Les dérapages récurrents de Joey Barton sur les réseaux sociaux en sont un reflet éloquent : l’Angleterre du football est encore en proie à une misogynie latente. Et ce, malgré la progression fulgurante de sa sélection féminine, championne d’Europe et vice-championne du monde en titre.

Chelsea manager Emma Hayes at the final whistle following the UEFA Women's Champions League semi-final first leg match at Stamford Bridge, London. Picture date: Saturday April 22, 2023. - Photo by Icon sport
Chelsea manager Emma Hayes at the final whistle following the UEFA Women's Champions League semi-final first leg match at Stamford Bridge, London. Picture date: Saturday April 22, 2023. - Photo by Icon sport

Il n’y a encore pas si longtemps, c’est sur le terrain qu’il distribuait des tacles appuyés. Désormais retraité et officiellement en retrait du monde du football, Joey Barton s’est trouvé un autre champ de bataille, à savoir X. L’ancien milieu de terrain passe beaucoup de temps sur le réseau social qu’on appelait autrefois Twitter. Et pour cause, il y mène une intense croisade. Contre les « woke », contre les antiracistes, contre ceux qui ont eu le malheur de suggérer la vaccination en guise de rempart face au Covid… Bref, contre beaucoup de monde. Mais sa cible principale est toujours la même : les femmes qui officient en tant que commentatrices ou consultantes sur des matchs de foot masculin. « Les femmes ne devraient pas pouvoir parler avec une quelconque légitimité des matchs masculins », dégaine-t-il début décembre. Un mois plus tard, il compare Lucy Ward et Eni Aluko, deux anciennes joueuses travaillant pour le diffuseur ITV, à Fred et Rose West, un célèbre couple de tueurs en série anglais. Un autre jour, l’ex de Manchester City et QPR indique qu’Aluko « est clairement dans la catégorie de Joseph Staline et Pol Pot. Elle a tué des centaines de milliers, voire des millions d’oreilles de fans de football, au cours des dernières années. » Et ce n’est qu’un échantillon.

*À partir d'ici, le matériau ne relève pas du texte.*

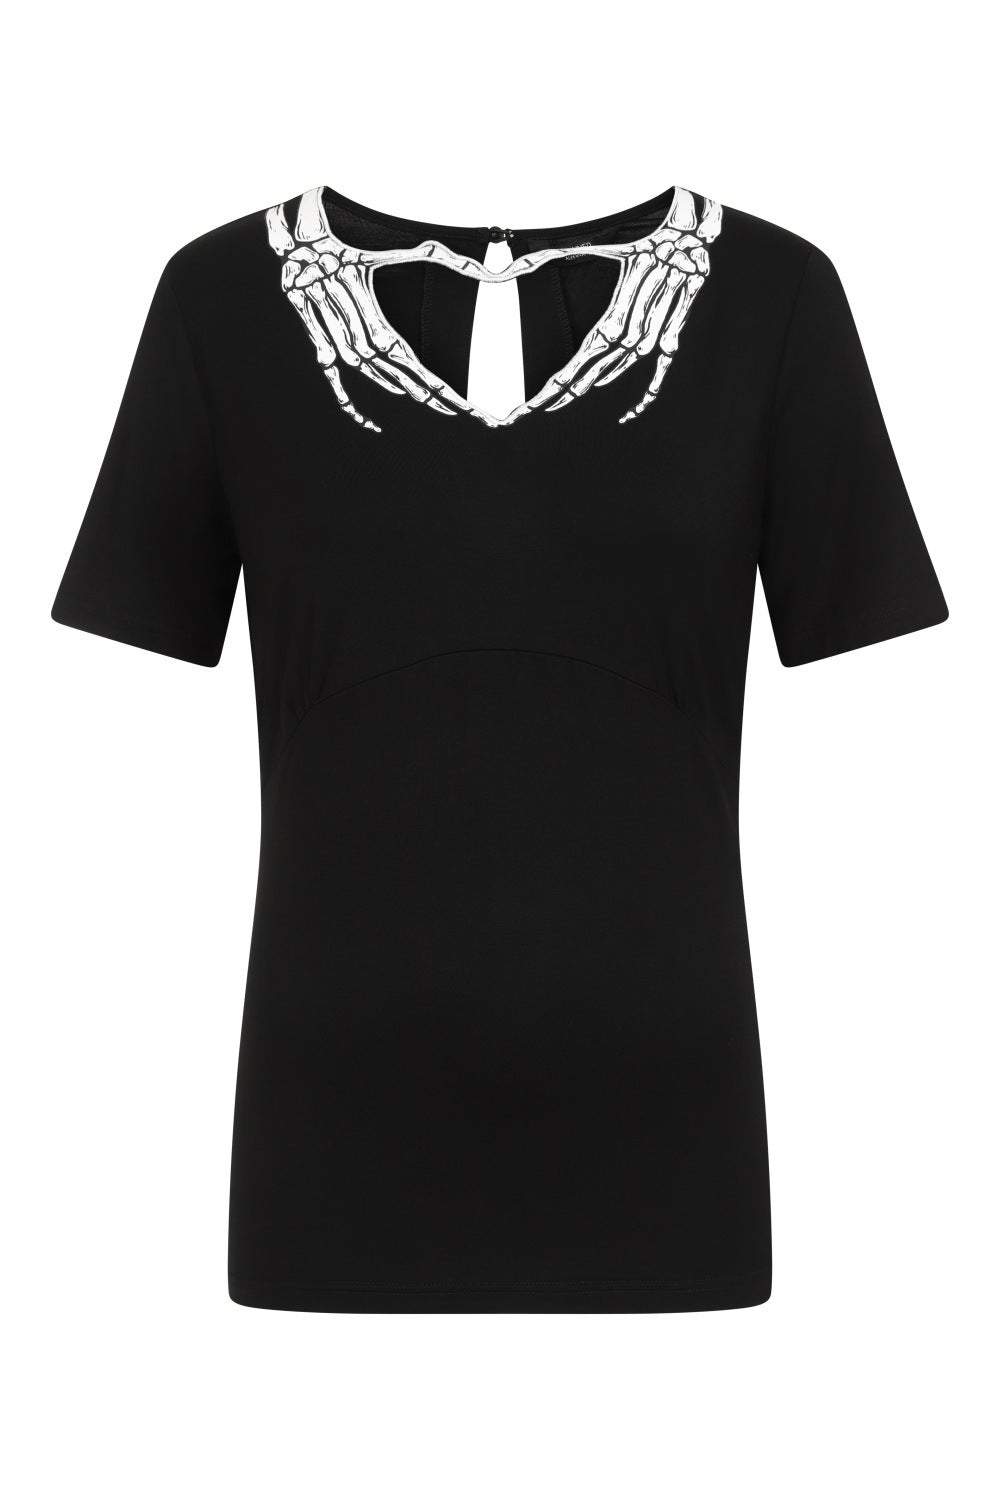 Short sleeve black top with skeleton hands around the collar creating a heart shape.

On pourrait penser que Barton s’excite tout seul dans son coin. Qu’il n’est qu’un cas isolé, dans un pays où le football féminin et sa sélection ont connu une ascension fulgurante au cours des dernières années. Un Euro 2022 remporté à domicile, dans un Wembley en ébullition, une finale au Mondial 2023, un championnat national devenu très compétitif (et bien mieux vendu que la D1 Arkema), des stars renommées au niveau planétaire… A priori, tout cela devrait aider à faire évoluer les mentalités ou a minima faire comprendre que les femmes ont totalement leur place dans le foot anglais, que ce soit pour y jouer, y travailler ou, tout simplement, en parler. Sauf que Barton compte 2,8 millions d’abonnés et que ses publications aux relents sexistes sont abondamment relayées.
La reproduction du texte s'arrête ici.